WODEN TEACHOUT: I’m not sure that anyone has ever won the battle for the meaning of the flag — at least for long. It has been an incredibly elastic symbol. In the 20th century, you have the Wobblies waving it, then the Klan, then civil rights activists, then pro-Nixon advocates. If we look at how fragmented the country is today and how many other flags are springing up, the most obvious historical parallel is the Civil War. In the years leading up to it, you saw this explosion of variations: abolitionists waving flags with only 20 stars for the free states, a Peace flag that was the American flag cut on the diagonal, state flags, and — in the South — a single white star on a blue field. The proliferation of flags signified that the Stars and Stripes no longer stood for a united country.

But was it ever really united, or is this just how we retrospectively imagine United States history? For me, as someone entering American culture from outside, it was simple. The global view of the flag as a symbol of the United States emphasizes the “united” part. The ongoing tensions over states’ rights, and the origins of these tensions in the Civil War and, ultimately, the country’s racial dynamics, are harder to understand from a distance.

BRYON GARNER: The racial and military dimensions of the flag are always interconnected for me. As a veteran and a Black man in the United States, the flag has meant two different things. I grew up in Gary, Indiana, surrounded by World War II veterans and Korean War veterans. My father was in the military, and I remember seeing his uniform hanging up in the closet and wanting to grow up and be like him. In my high school, whenever we heard “The Star-Spangled Banner” over the loudspeaker, we stopped and froze facing the nearest flag. There were all these rituals associated with patriotism and the flag that were normalized for me growing up. Then, as a young man, I was deployed to the Persian Gulf and came home to parades and patriotism and all of that. But there’s also the other part, the racial aspect of the flag, and I experienced this as well, especially growing up in Indiana. All we had to do was travel 10 minutes south of Gary, and it was a completely different universe: there was a lingering history of Confederate flags, Klan meetings, lynchings, and sundown towns. I spent two semesters at Purdue University, which was a predominantly white campus. And I was accepted so far as I was in my Navy uniform, but if I was out of uniform, no one even spoke to me. It took me years to process all that and to be able to talk about it, because I was 18 to 19 years old, and it just overwhelmed me, and I didn’t have words for it. So, the flag has represented a lot for me in both of those spaces: both as a source of pride and belonging, because I served in the Navy, but also as a very clear statement that I didn’t belong.

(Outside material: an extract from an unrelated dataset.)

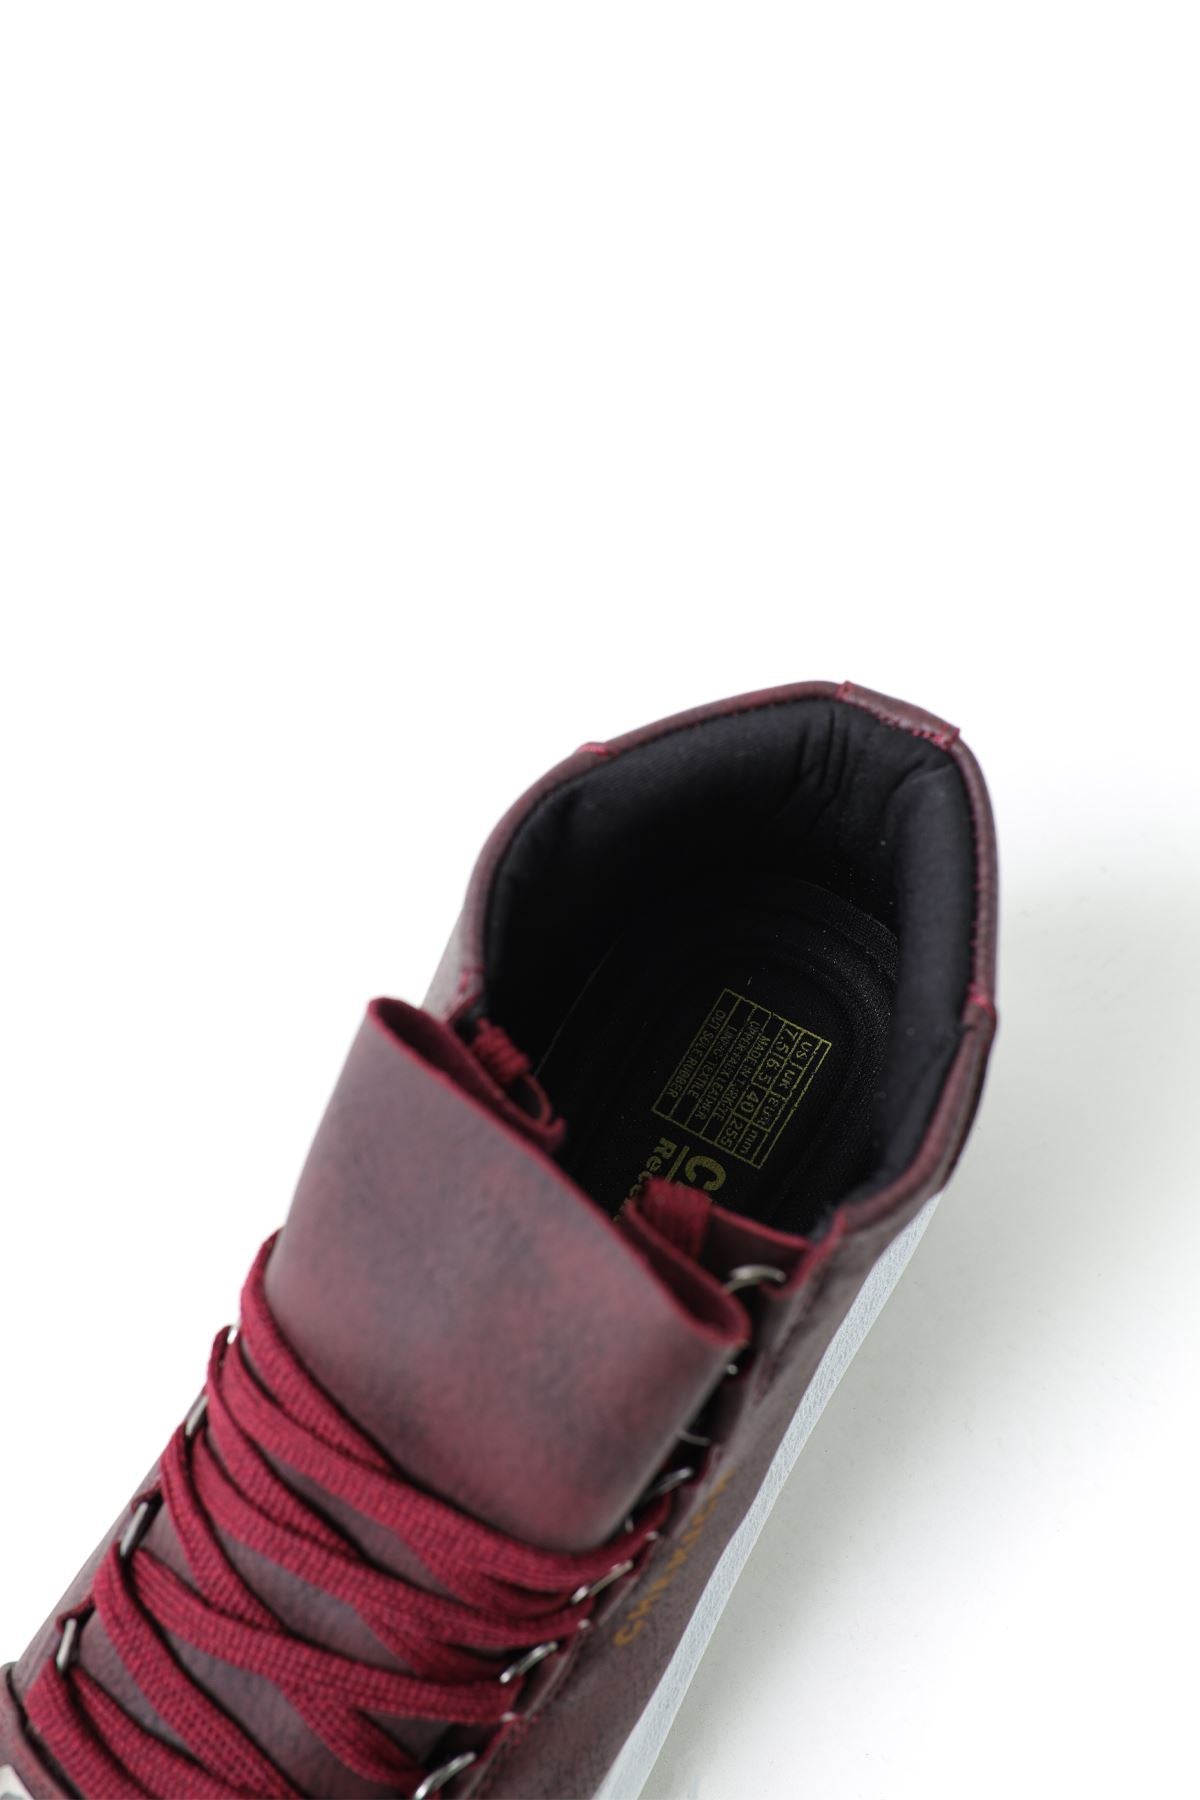 CH267 BT Men's Boots MAROON - STREETMODE ™
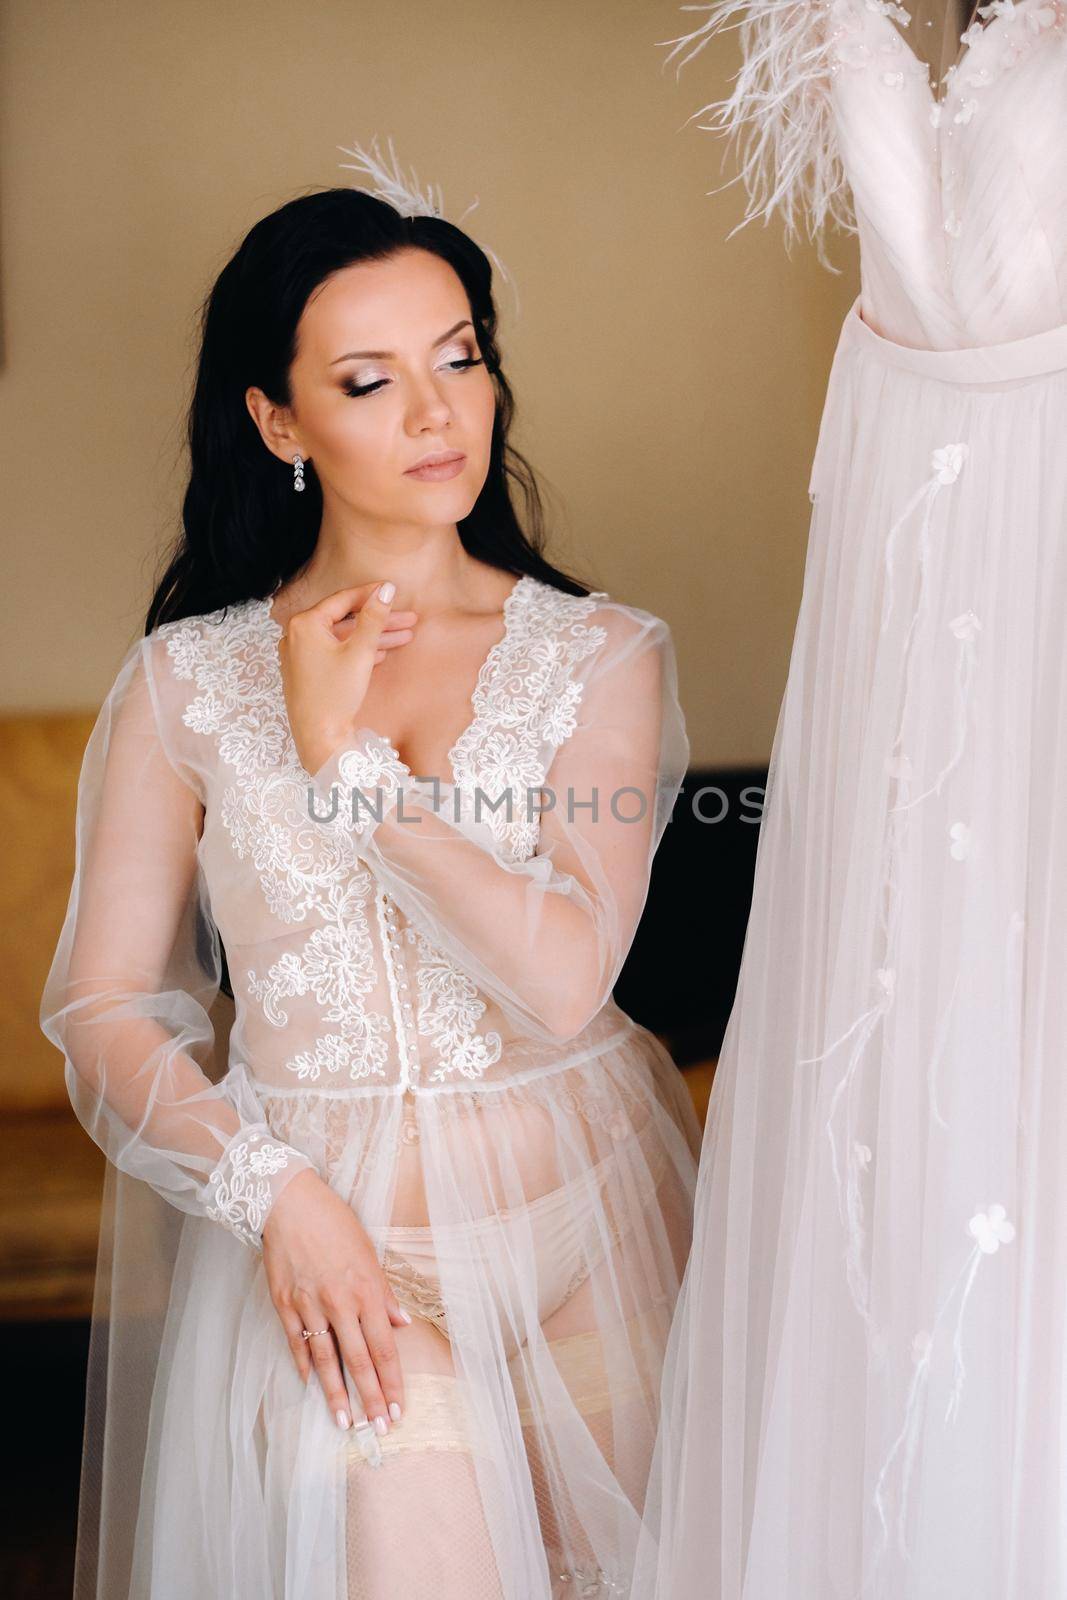 the bride, dressed in a boudoir transparent dress and underwear, stands at home in the morning.

WT: I think every American has a flag story that tells us something about who we are as a country. The inspiration for Capture the Flag was my experience at a protest against the invasion of Iraq. I went with my sisters and my baby, and I grabbed the flag off our house. We showed up and joined the crowd. It was winter and very cold. People kept looking at us funny, and I thought they were judging me for bringing the baby. But then someone asked us if we were protesting or counterprotesting, and we realized that the American flag was so culturally infused with a Bush, militaristic agenda that it was hard for people to imagine using it to protest that same agenda. I knew there was a much richer history behind the flag, so that experience inspired me to write about those stories. And guess which picture of the protest made the newspaper the next day. But it has only been recently that I’ve realized that one of the big reasons I felt the flag was available to me to claim is because I’m white and American-born.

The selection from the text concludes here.